> **Requirement**: Transcribe the whole listing exactly, but do not carry over its pictures.

> **Stored data**:
——
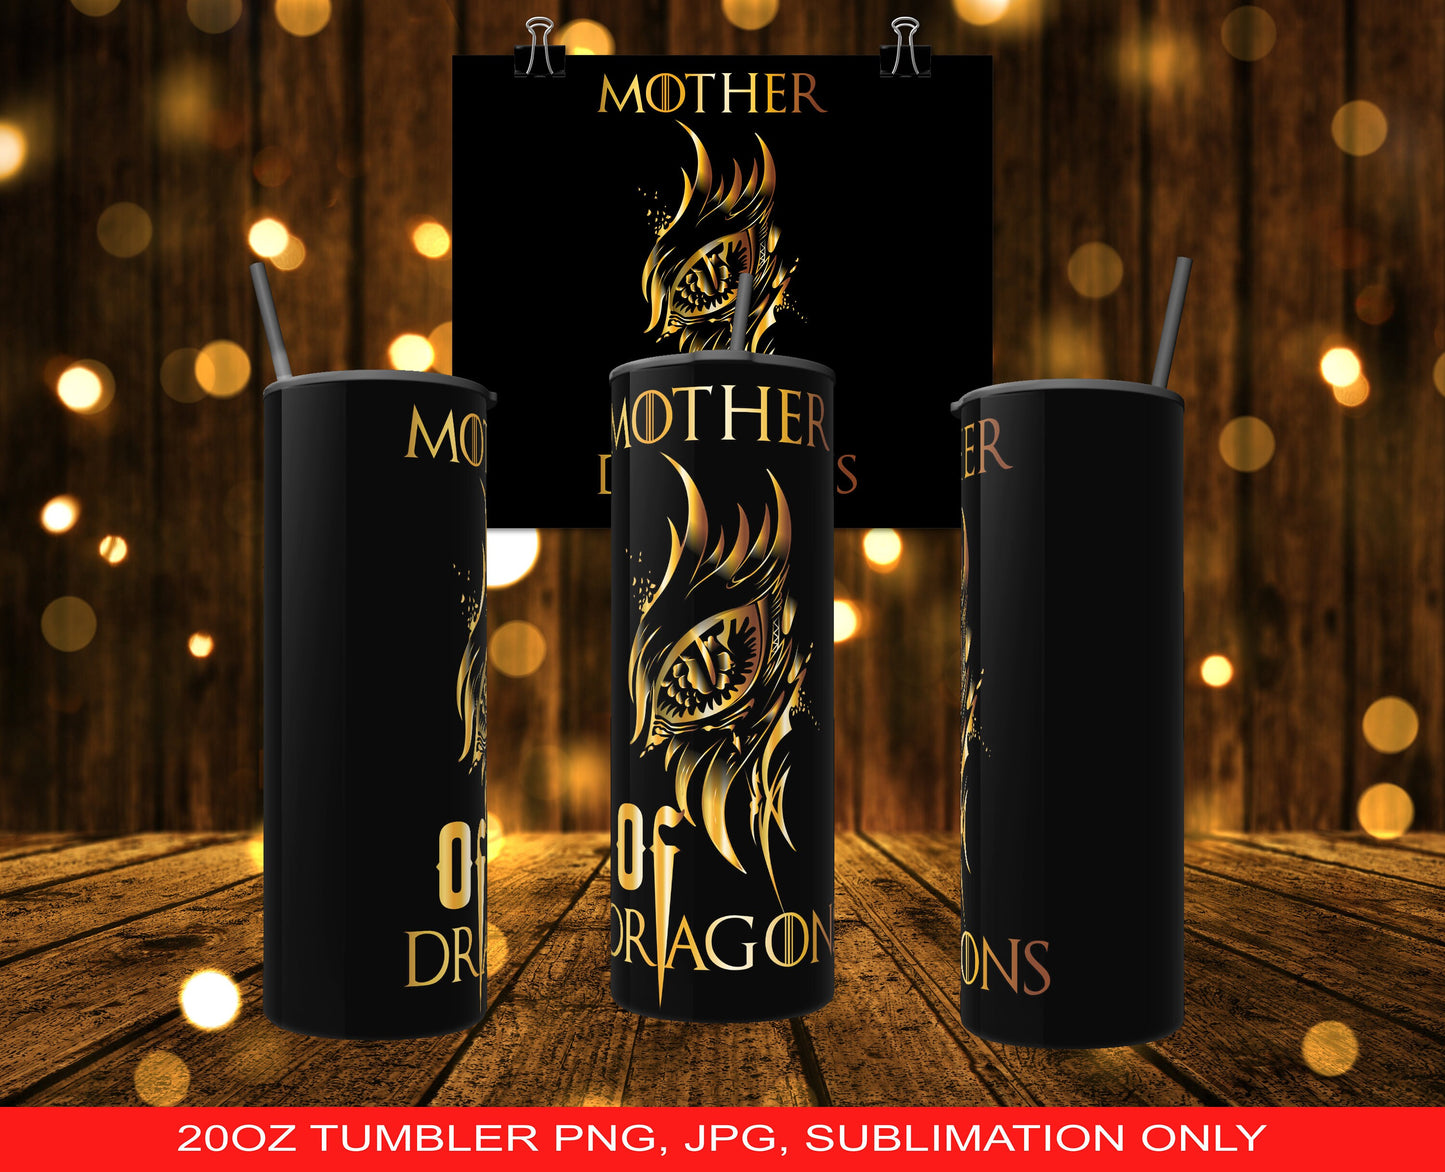 Mother of Dragons PNG and JPG ONLY - 20oz Tumbler Design - Gold/Black - Sublimation, Waterslide Printing, Frameable
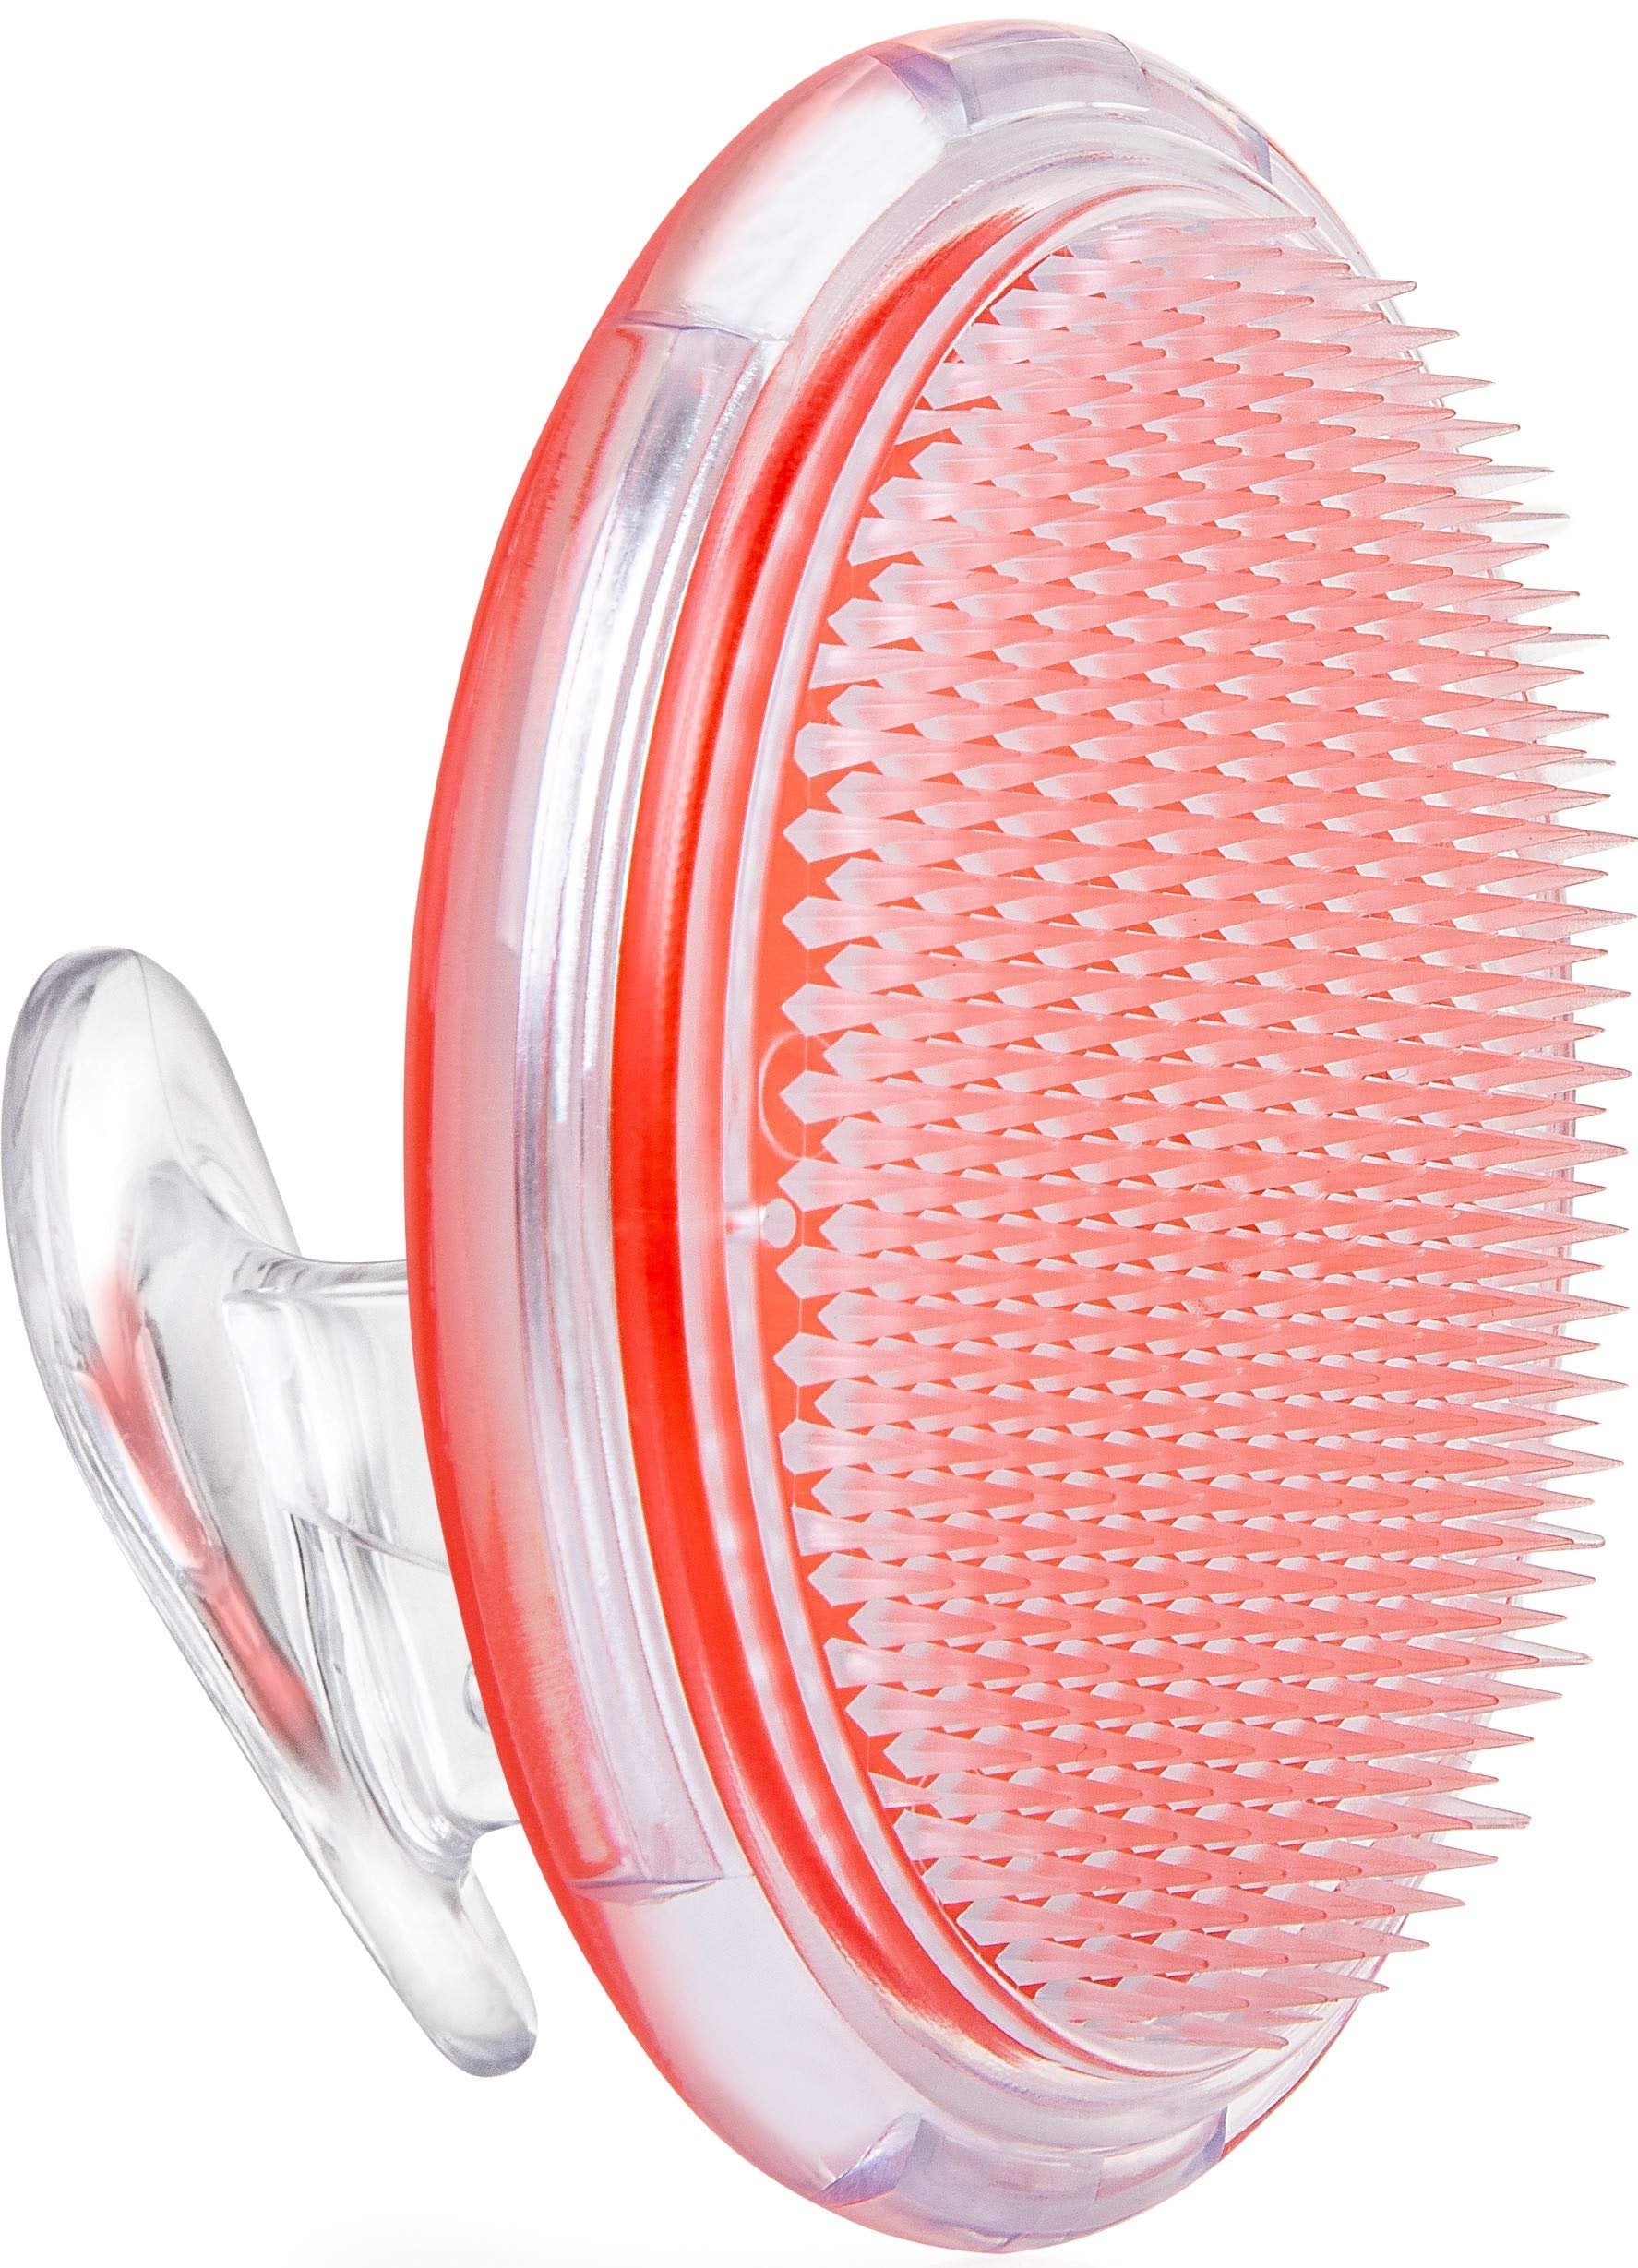 Exfoliating Brush to Treat and Prevent Razor Bumps and Ingrown Hairs - Eliminate Shaving Irritation for Face, Armpit, Legs, Neck, Bikini Line - Silky Smooth Skin Solution for Men and Women by Dylonic (Orange Single)
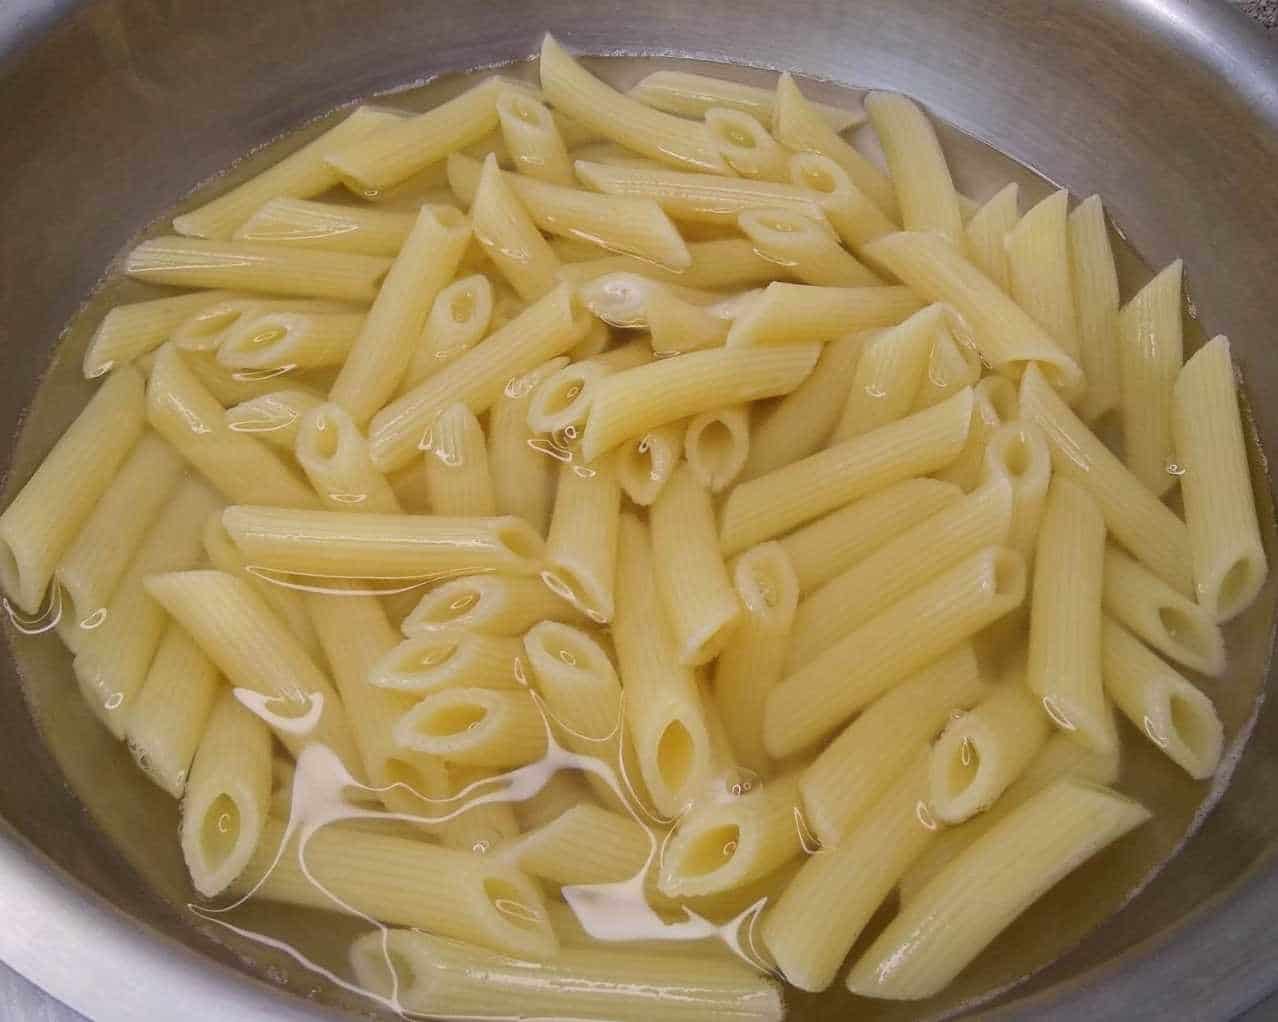 How to Cook the Pasta
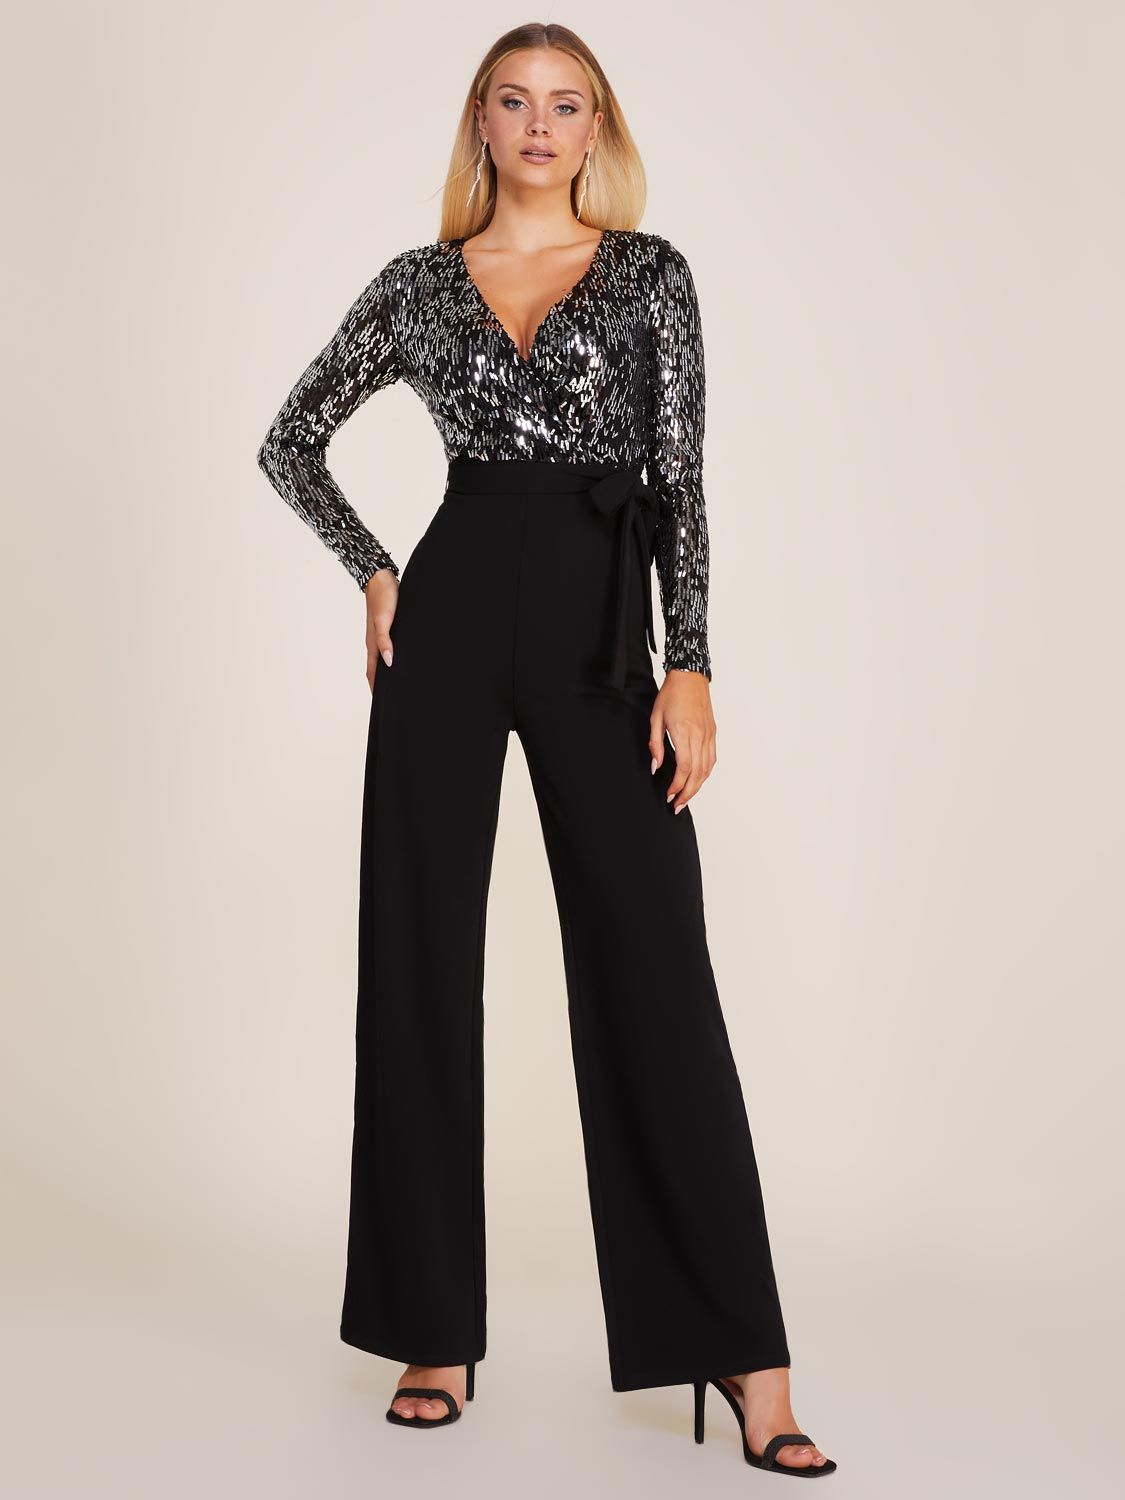 Sequins EVERYTHANG: jumpsuits, dresses, and tops — Everyday Pursuits
——
> **Task response**:
 Mother of Dragons PNG and JPG ONLY - 20oz Tumbler Design - Gold/Black - Sublimation, Waterslide Printing, Frameable
 Exfoliating Brush to Treat and Prevent Razor Bumps and Ingrown Hairs - Eliminate Shaving Irritation for Face, Armpit, Legs, Neck, Bikini Line - Silky Smooth Skin Solution for Men and Women by Dylonic (Orange Single)
 How to Cook the Pasta
 Sequins EVERYTHANG: jumpsuits, dresses, and tops — Everyday Pursuits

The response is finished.